Each of the reports consists of a summary of the corresponding Email Security Monitor page. So, for example, the Content Filters report provides a summary of the information displayed on the Monitor > Content Filters page. The Executive Summary report is based on the Monitor > Overview page.

To set the return address for reports, see Configuring the Return Address for Appliance Generated Messages. From the CLI, use the addressconfig command.

Scheduled reports can be scheduled to run on a daily, weekly, or monthly basis. You can select a time at which to run the report. Regardless of when you run a report, it will only include data for the time period that you specify, for example the past 3 days or the previous calendar month. Note that a daily report scheduled to run at 1AM will contain data for the previous day, midnight to midnight.

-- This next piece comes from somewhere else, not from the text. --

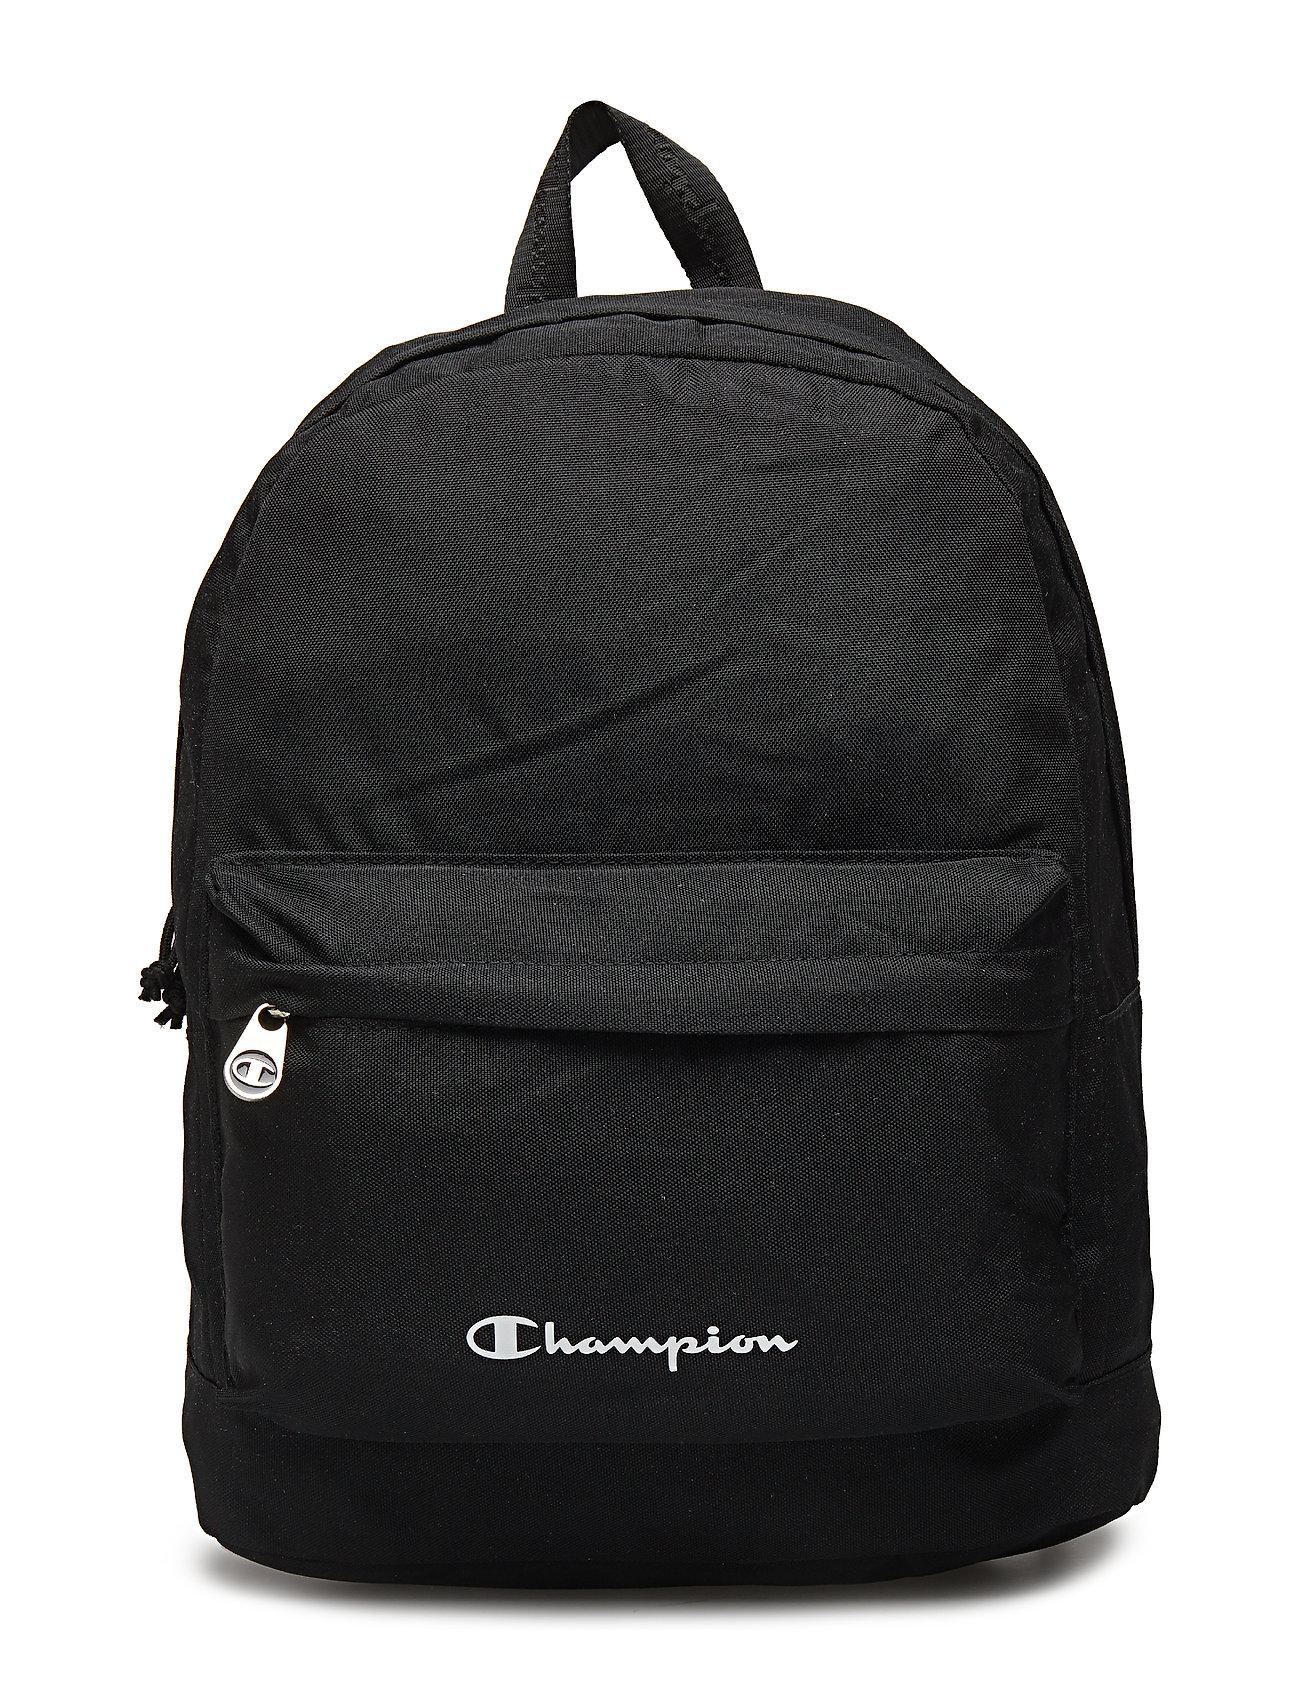 Champion Backpack   Ryggsäckar

Your appliance ships with a default set of scheduled reports —you can use, modify, or delete any of them.

The Monitor > Archived Reports page lists the available archived reports. You can view a report by clicking its name in the Report Title column. You can generate a report immediately by clicking Generate Report Now

Use the Show menu to filter which type of reports is listed. Click the column headings to sort the listing.

Archived reports are deleted automatically — up to 30 instances of each scheduled report (up to 1000 reports) are kept and as new reports are added, older ones are deleted to keep the number at 1000. The 30 instances limit is applied to each individual scheduled report, not report type.

Problem

Drilling down from a report to view details in message tracking yields unexpected results.

Solution

This can occur if reporting and message tracking were not simultaneously enabled, functioning properly, and storing data locally (as opposed to being stored centrally on a Security Management appliance). Data for each feature (reporting and message tracking) is stored only while that feature is enabled and functioning on that appliance, independently of whether the other feature (reporting or message tracking) is enabled and functioning. Therefore, reports may include data that is not available in Message Tracking and vice-versa.

Problem

Complete file analysis results in the public cloud are not available for files uploaded from other Email Security appliances in my organization.

Solution

Be sure to group all appliances that will share file analysis result data. See (Public Cloud File Analysis Services Only) Configuring Appliance Groups. This configuration must be done on each appliance in the group.